BPKH Siapkan 3 Skenario Biaya Haji 2025: Jemaah Bayar Bipih Minimal 60%

BPKH Siapkan 3 Skenario Biaya Haji 2025: Jemaah Bayar Bipih Minimal 60%

Badan Pengelolaan Keuangan Haji (BPKH) menyiapkan skenario penetapan formulasi anggaran komponen Biaya Penyelenggaraan Ibadah Haji (BPIH) dan komponen Biaya Perjalanan Ibadah Haji (Bipih) 2025. Anggota Badan Pelaksana BPKH, Amri Yusuf, menyebut Bipih yang dibebankan kepada jemaah paling minimal di angka 60 persen.

Hal ini disampaikan oleh Amri dalam rapat dengar pendapat (RDP) BPKH dengan Komisi VIII DPR RI, Jumat (3/1/2025). Amri mulanya menjelaskan jika pihaknya hanya mampu menentukan nilai manfaat untuk mendukung jemaah haji 2025 sebesar Rp 11,5 Triliun.

"Ini saya ingin menyampaikan permohonan maaf dulu ini, nanti teman-teman saya akan memberikan penjelasan. Angka yang kami propose untuk penyelengaraan ibadah haji tahun 2025, nilai manfaat yang paling realistis yang bisa kita gunakan sebagai basis untuk menentukan berapa support untuk jemaah haji tahun 2025 itu di Rp 11,5 Triliun," kata Amri dalam rapat.

Ia menyebut hal ini tak sesuai target yang diharapkan oleh Komisi VIII DPR RI, yakni senilai Rp 12,8 Triliun.
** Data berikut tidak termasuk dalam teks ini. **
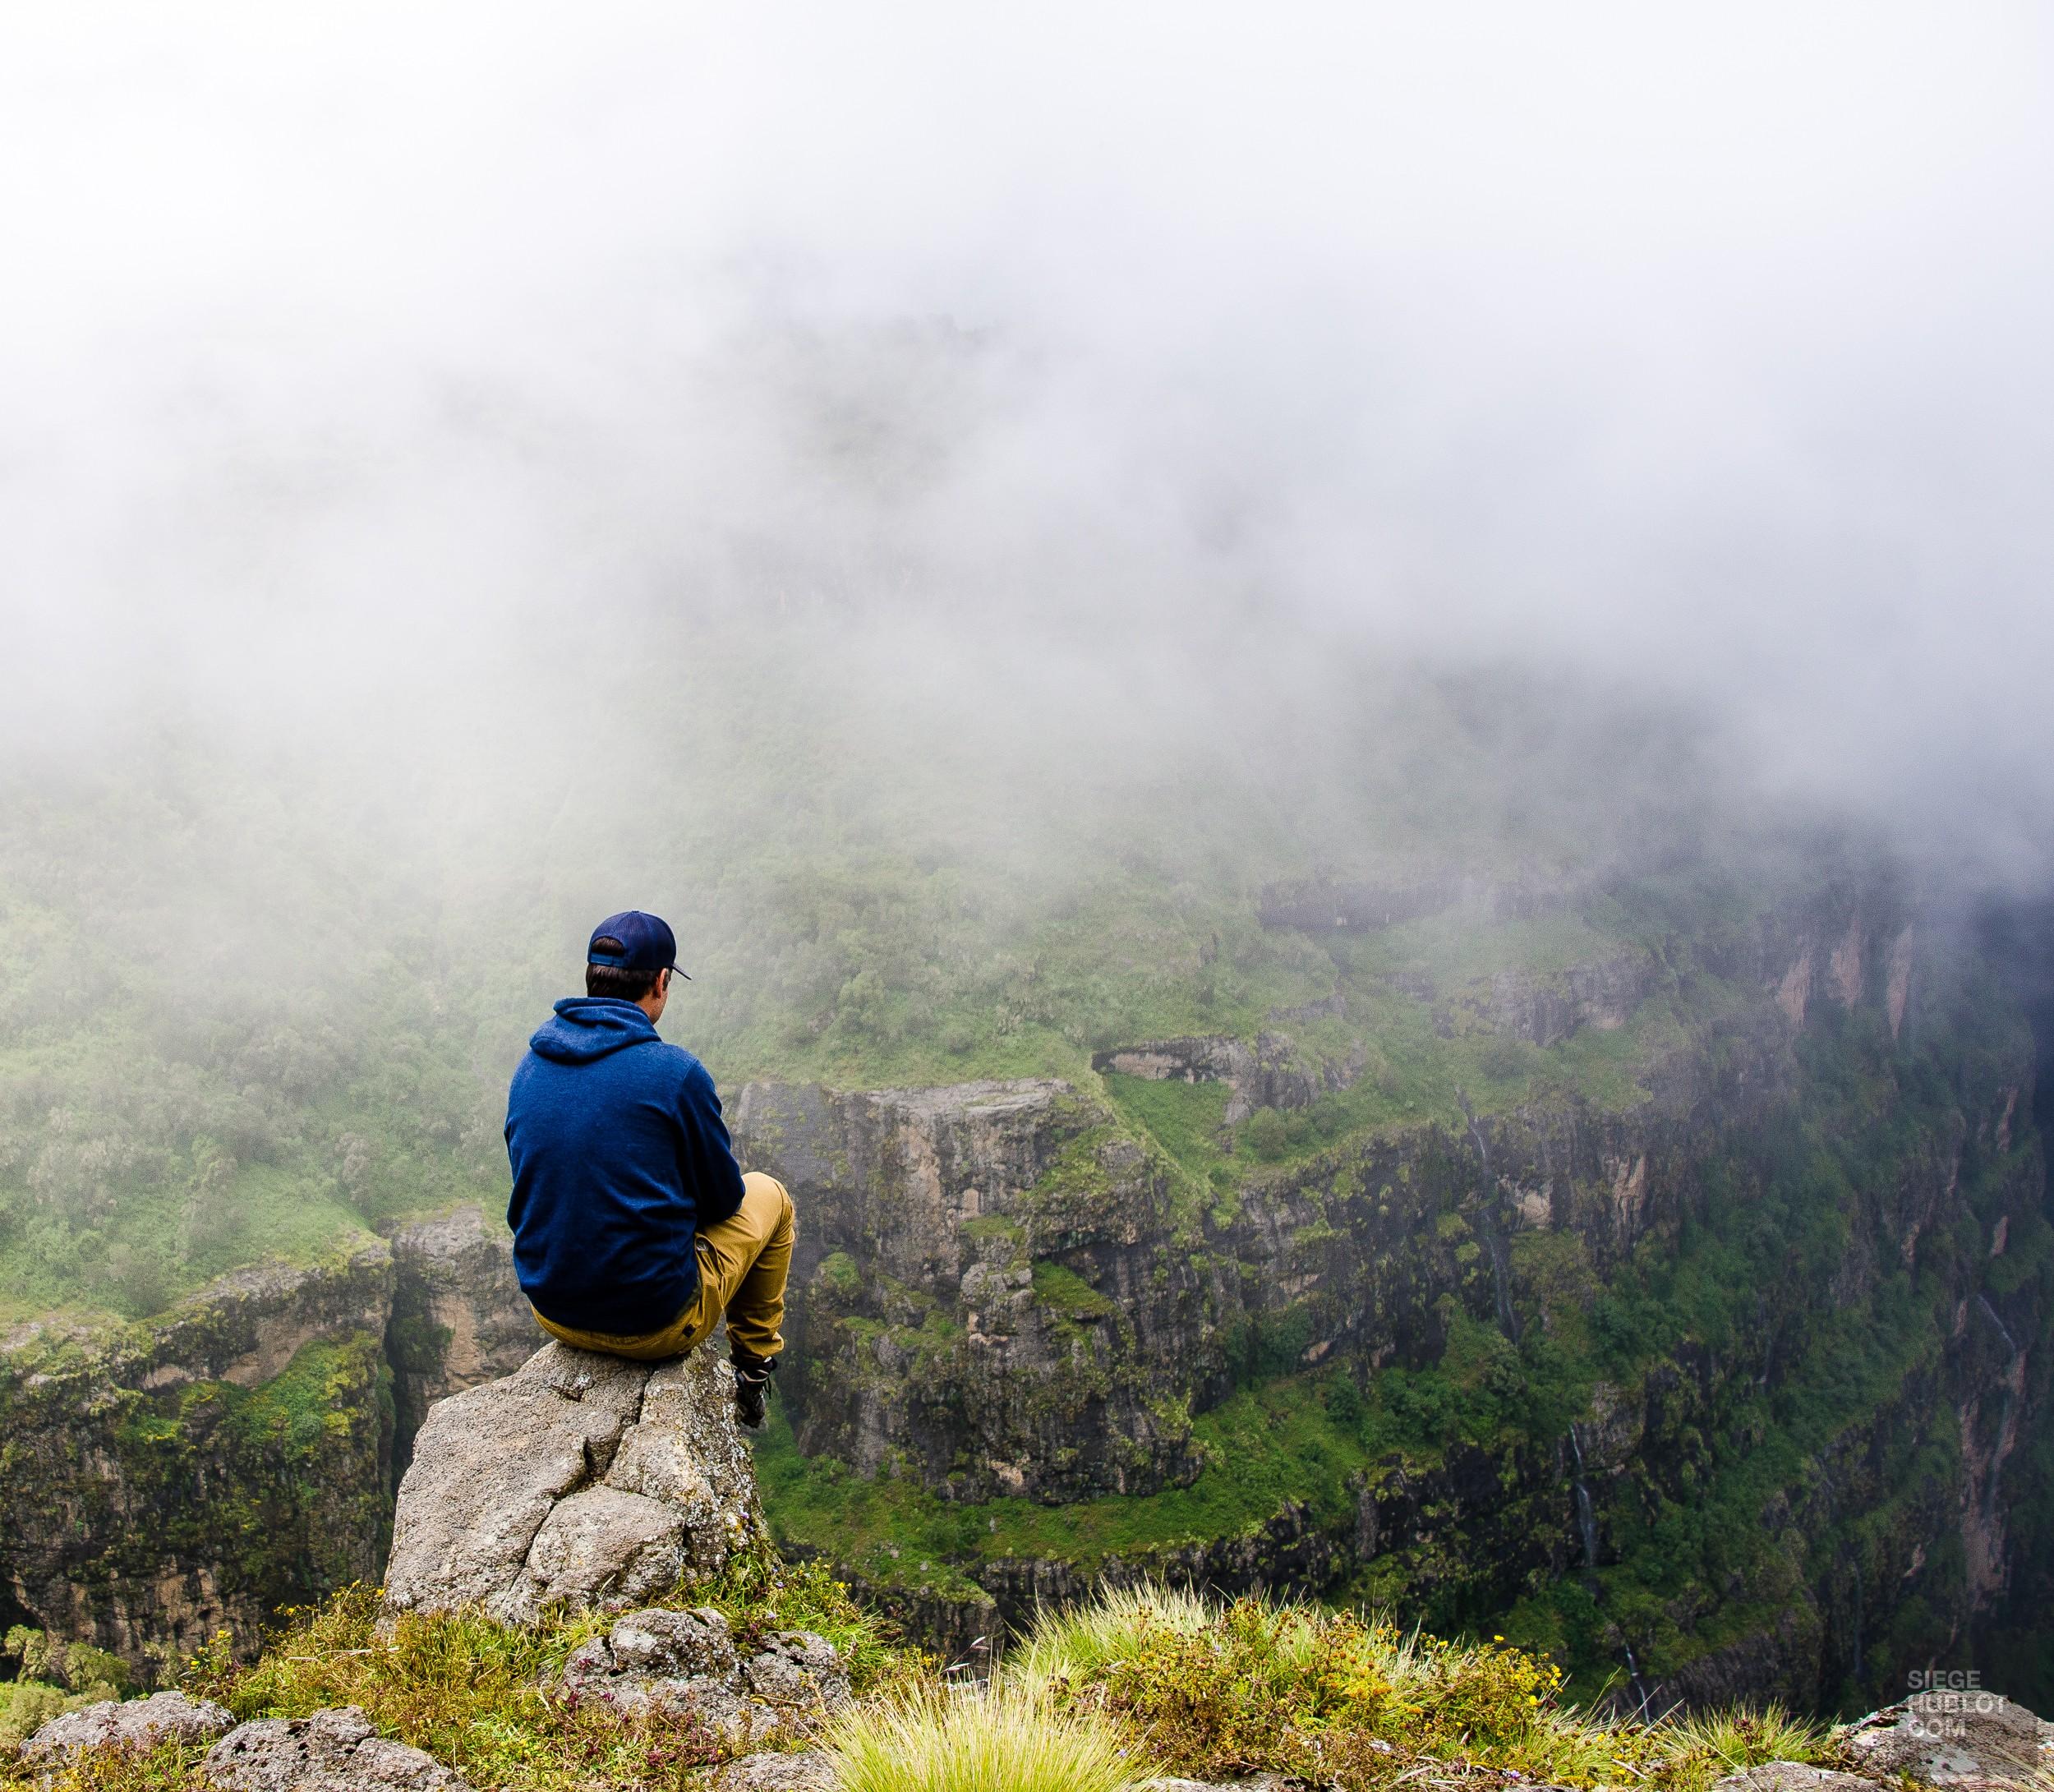 montagne panorama brume - des babouins dans les nuages monts simien ethiopie - Des babouins dans les nuages Monts Simien Ethiopie - afrique, ethiopie

Amri menjelaskan 3 pertimbangan pihaknya tak berani untuk mengambil nilai manfaat di angka tersebut.

"Jadi target Rp 12,8 Triliun itu asumsi pertamanya di tahun 2024 kebijakan penyesuaian setoran awal sudah harus dilakukan, tapi sampai sekarang ternyata belum Pak," kata Amri.

"Yang kedua, tahun 2024 kami sebenarnya berencana itu sudah mulai masuk investasi dalam bentuk direct investment waktu itu aplikasinya hampir Rp 15 Triliun ya? Tapi ternyata Pak untuk direct investment ini tidak mudah prosesnya, panjang risikonya juga tinggi. Yang baru berhasil 2024 berdirinya BPKH limited," tambahnya.

Ia mengatakan target untuk jemaah baru di 2025 juga sulit tercapai di angka 420 ribu jemaah. Pasalnya, kenaikan dari tahun sebelumnya ke 420 sukar di kondisi ekonomi saat ini.

"Yang ketiga, target terkait dengan jemaah baru di tahun 2025 itu jumlahnya sekitar 420 ribu. Nah ini juga dari hitungan historical kita lihat setelah recovery COVID tahun ini aja, hanya tumbuh 385 langsung loncat ke 420 itu agak menjadi tidak realistis," ujar Amri.

"Nah karena pertimbangan 3 hal itu, kami menyatakan tidak berani mengajukan Rp 12,8 T, kami khawatir nanti ketika realisasinya itu di luar skenario akan membahayakan keuangan haji. Rp 11,5 T angka yang paling realistis," sambungnya.

Amri lantas menyampaikan tiga skenario dalam penentuan nilai manfaat dan Bipih yang perlu dibayar jemaah. Ia mengatakan ada peluang 70% (Bipih) dan 30% nilai manfaat yang diberikan oleh pemerintah seperti usulan Kemenag.

"Skenario kami Pak ada 3, skenario pertama ngikutin skenarionya Kemenag 70 30, skenario yang kedua 65 35 ngikutin rencana besar kita dari 2023, 2024 turun 5 persen itu kami siapkan," kata Amri.

Adapun skenario terakhir yakni, 60 persen (Bipih) yang ditanggung jemaah sementara sisanya nilai manfaat dari pemerintah. Menurutnya angka 60% standar paling minimal sebagai basis penentuan biaya.

"Skenario yang ketiga Pak. Paling, paling konservatif yang paling aman untuk kepentingan semuanya di angka 60 40 sama seperti yang sekarang 60 40. Kalau turun lagi Bu, nanti kembali ke 2023 ya, ini yang saya kira sudah kita sepakati," ungkap Amri.

"60 40 adalah starting yang paling minimal yang mungkin bisa kita jadikan basis untuk menghitung berapa sebenarnya yang paling relevan buat jemaah haji Indonesia," imbuhnya.